Review by Publisher's Weekly Review

The New York City neighborhood that nourished the 1960s folk explosion is celebrated--and its lapse into upscale sterility mourned--in this colorful account. Rolling Stone journalist Browne (So Many Roads) traces four decades of music-making in Greenwich Village, starting in the 1950s, when a modern folk style--pioneered by the likes of Dave Van Ronk--took shape in coffeehouses, nightclubs, and Washington Square Park's informal concerts. From there, Browne explores the 1960s scene that incubated such superstars as Bob Dylan and Judy Collins and transformed the Village from a working-class enclave into a hippie tourist destination, and chronicles the scene's decline in the 1980s as soaring rents displaced artists and musicians. The author paints a vivid portrait of infectious creativity and socioeconomic volatility, highlighting the neighborhood's fashions ("Milling about outside of clubs like the Night Owl, the young men, with their long hair, flowered shirts, pinstriped bell bottoms, and chinos, wanted desperately to resemble a Beatle or a Rolling Stone") and turf battles between white residents and the racially integrated crowds the folkies brought in. Evocative prose enlivens this captivating ode to a storied chapter of pop culture history. (Sept.)

(c) Copyright PWxyz, LLC. All rights reserved
Review by Library Journal Review

Almost three-quarters of a century has passed since Greenwich Village's rise to prominence as a cultural juggernaut. Yet, its longevity, capacity for reinvention, and musical fertility have never really been rivaled anywhere else in the United States. Browne (Crosby, Stills, Nash, and Young: The Wild, Definitive Saga of Rock's Greatest Supergroup) seeds his narrative with significant anecdotes, serendipitous meetings, and local politics, against the backdrop of four decades of American history. From the mid-1950s to the mid-1980s, the Village turned out a veritable who's-who of jazz and folk musicians.
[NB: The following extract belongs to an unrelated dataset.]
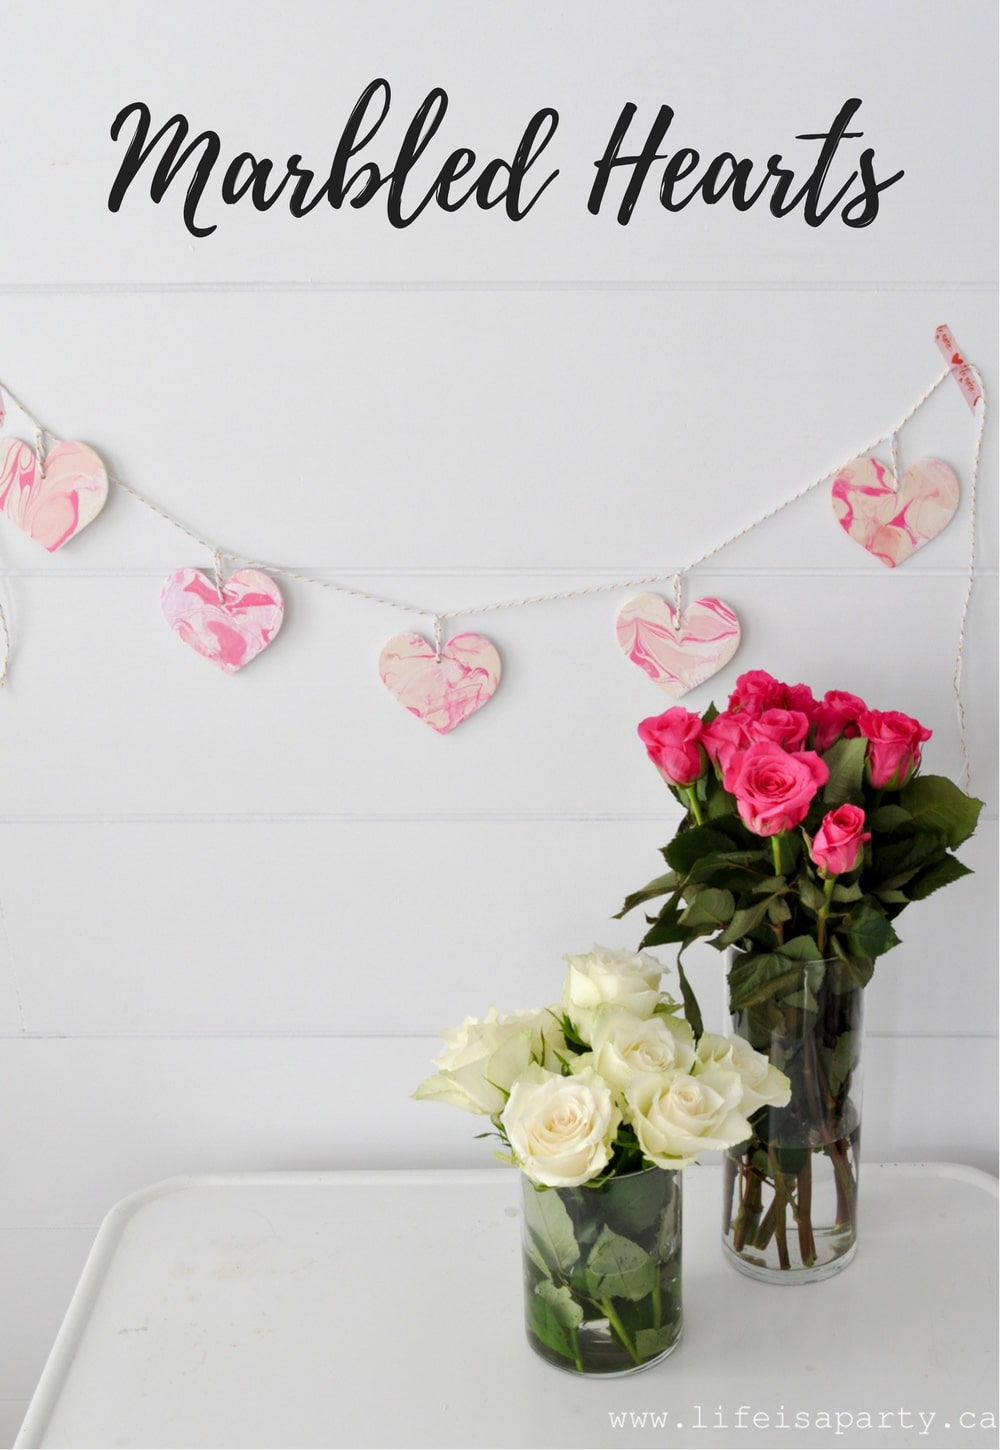 Nail Polish Marble Hearts Valentine's Day Craft: use nail polish to water marble wooden hearts for Valentine's Day in any colour combination you like!

Reputations were made or enhanced on the venues' stages, many of which became legendary, from the Village Vanguard to CBGB. Browne's emphasis on the sense of community, that community's persistence through decades of transformation and hardship--up to and including September 11--and its lightning-in-a-bottle nature brings home what made the Village so special. Much of the material is based on over 150 new interviews Brown conducted (with Judy Collins, Sonny Rollins, Herbie Hancock, Suzanne Vega, Arlo Guthrie, Shawn Colvin, and others). VERDICT A thorough and thoroughly human history of a unique locale and era. For fans of American folk, jazz, and New York City.--Genevieve Williams

(c) Copyright Library Journals LLC, a wholly owned subsidiary of Media Source, Inc. No redistribution permitted.
Review by Kirkus Book Review

Reviving New York's spirited music scene. Browne, a senior writer atRolling Stone and biographer of many music notables, including Crosby, Stills, Nash, and Young, draws on a wealth of interviews and archival sources to create a teeming history of Greenwich Village from 1957 to the 1980s. By the late 1950s, venues like the Village Vanguard, Cafe Bohemia, the Five Spot, and the Half Note already were famous for jazz, while folk singers drew crowds in Washington Square Park. Soon, Odetta and Dave Van Ronk, Tom Paxton, and Judy Collins, among many others, took the stage in coffeehouses and clubs, drawing throngs of fans. On a snowy night in 1961, a "funny, fumbling, somewhat chubby kid" who called himself Bob Dylan appeared at Cafe Wha?, one of many young upstarts hoping to make a name for himself in New York. "As disparate as the talent in the Village was--oceans of difference between Van Ronk's gruffness, Dylan's bristling wheeze, Collins's purity, and Paxton's smoothness, to cite a few--one thing bound them together," Browne writes. "Theirs was music neither as stuffy nor as straitlaced as that of the balladeers who'd preceded them" on those same stages. Dylan was especially influential, with original compositions that inspired others to write their own pieces rather than rework traditional songs. Browne recounts the genesis of groups (Peter, Paul, and Mary; the Roche sisters); the agents who managed them; and the rivalries, love affairs, and musical hits that transformed their careers--in turn, transforming the Village. He recounts, as well, the "wall of segregation" that kept folk music largely white and the government surveillance that threatened the community. Steeped in music culture and lore, Browne offers a detailed, abundantly populated chronicle of a storied place and its creative, outspoken, driven inhabitants. Animated social history. Copyright (c) Kirkus Reviews, used with permission.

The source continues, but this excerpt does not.